We must evolve for all human conflict a method which rejects revenge, aggression, and retaliation.

The foundation of such a method is love.

Before it is too late, we must narrow the gaping chasm between our proclamations of peace and our lowly deeds which precipitate and perpetuate war.

One day we must come to see that peace is not merely a distant goal that we seek but a means by which we arrive at that goal.

We must pursue peaceful ends through peaceful means.

We shall hew out of a mountain of despair, a stone of hope.

Chalice Lighting
The Great Turning by Lisa Garcia-Sampson


First Reading
Our first reading today is Psalm 46, one of Rev. Dr.

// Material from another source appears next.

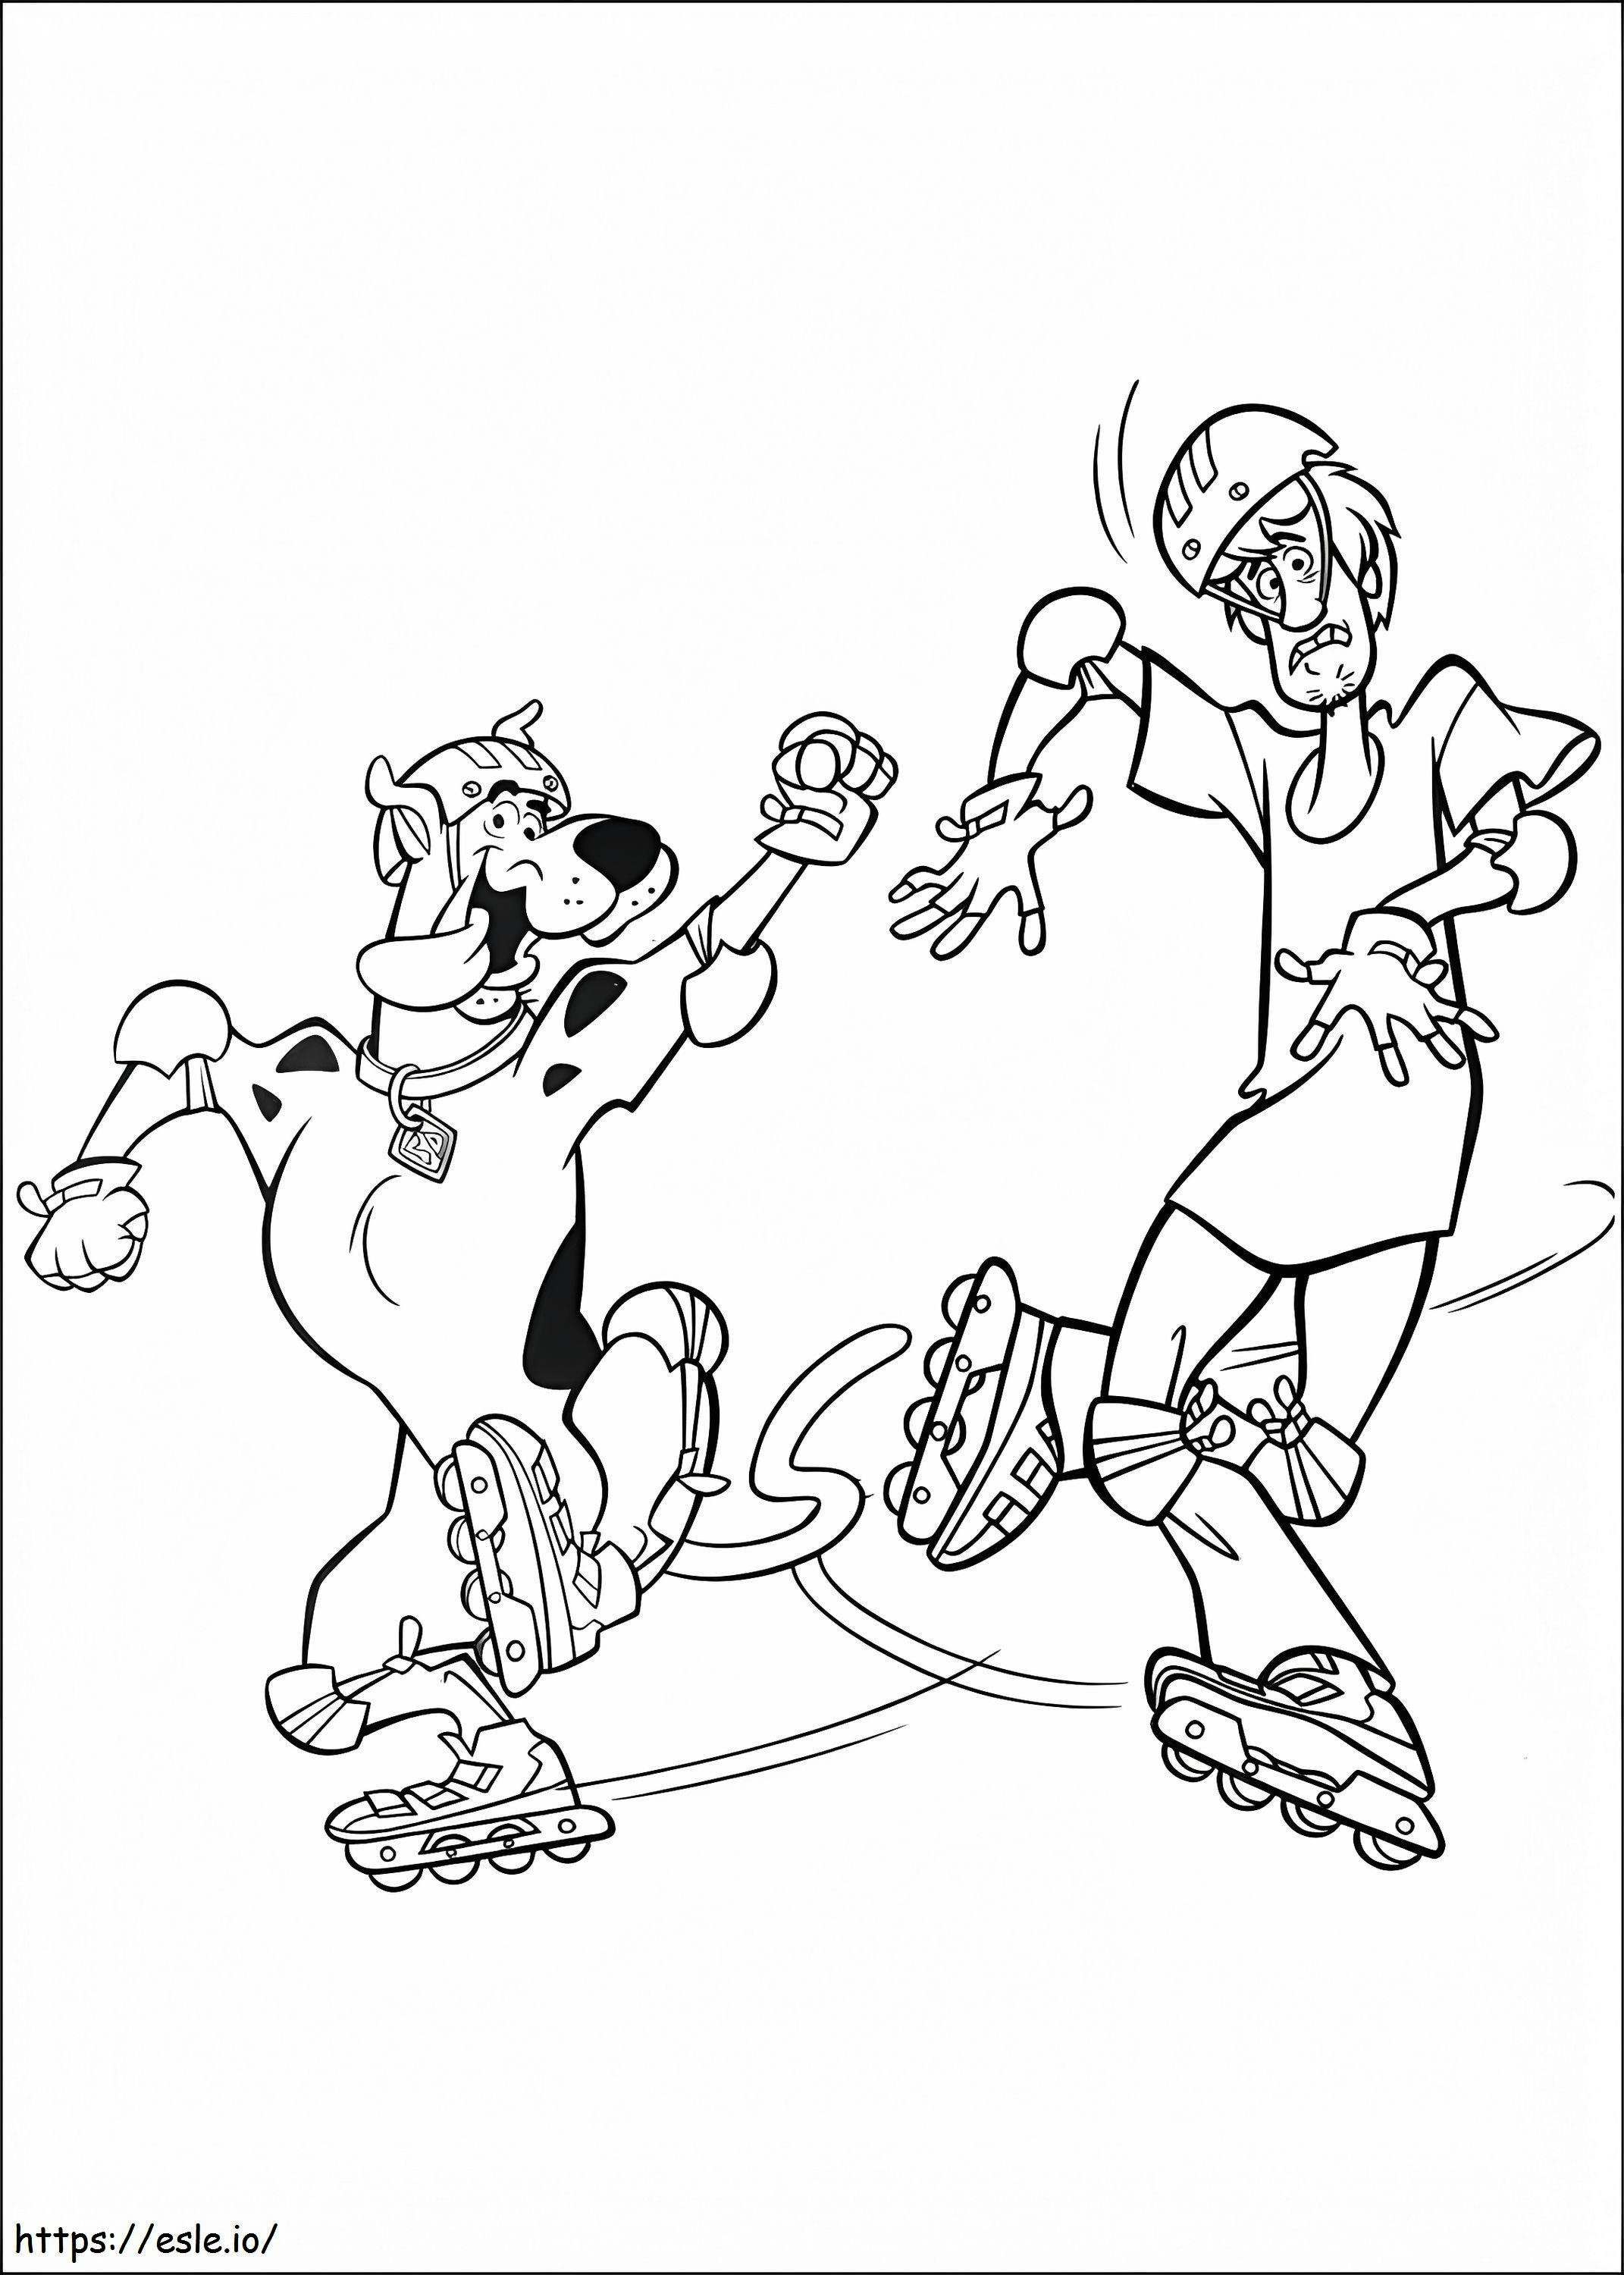 1534478879 Scooby Doo e Shaggy sui rollerblade A4 da colorare

King’s favorite and often quoted pieces of scripture. 


Pastoral Prayer

Spirit of life, God we know by many names, hear our prayers this morning, as we gather in worship to honor the life of Rev. Dr. Martin Luther King with reverence for the past, hope for the future and a steadfast commitment to doing justice in the present

May we remember all those brave people throughout history who have put their bodies on the line for love and freedom, who have stood between the marginalized and the powers of empire in the name of all that is holy. May their memory inspire us to respond to racism, injustice, violence, and oppression with tenacity and a bold resolve.

May we remember the fierce faith of Dr. King and so many of his compatriots. May the songs, scripture, and prayers that strengthened them remind us there is strength to be found in the spiritual life. May they inspire us to deepen our own faith and look to this community for wisdom, guidance, and sustenance. May they remind us that we do not need to cede the language of religion and morality to those who would use it only to exclude and oppress.

And may we remember the humanity of Dr. King and the civil rights leaders who marched alongside him. May we remember that they were people with fears, struggles, questions and doubts. May their memory remind us that perfection and certainty are not prerequisites for courage and commitment. May we never doubt that there is a place for us in this work of building beloved community—in this long march towards liberation.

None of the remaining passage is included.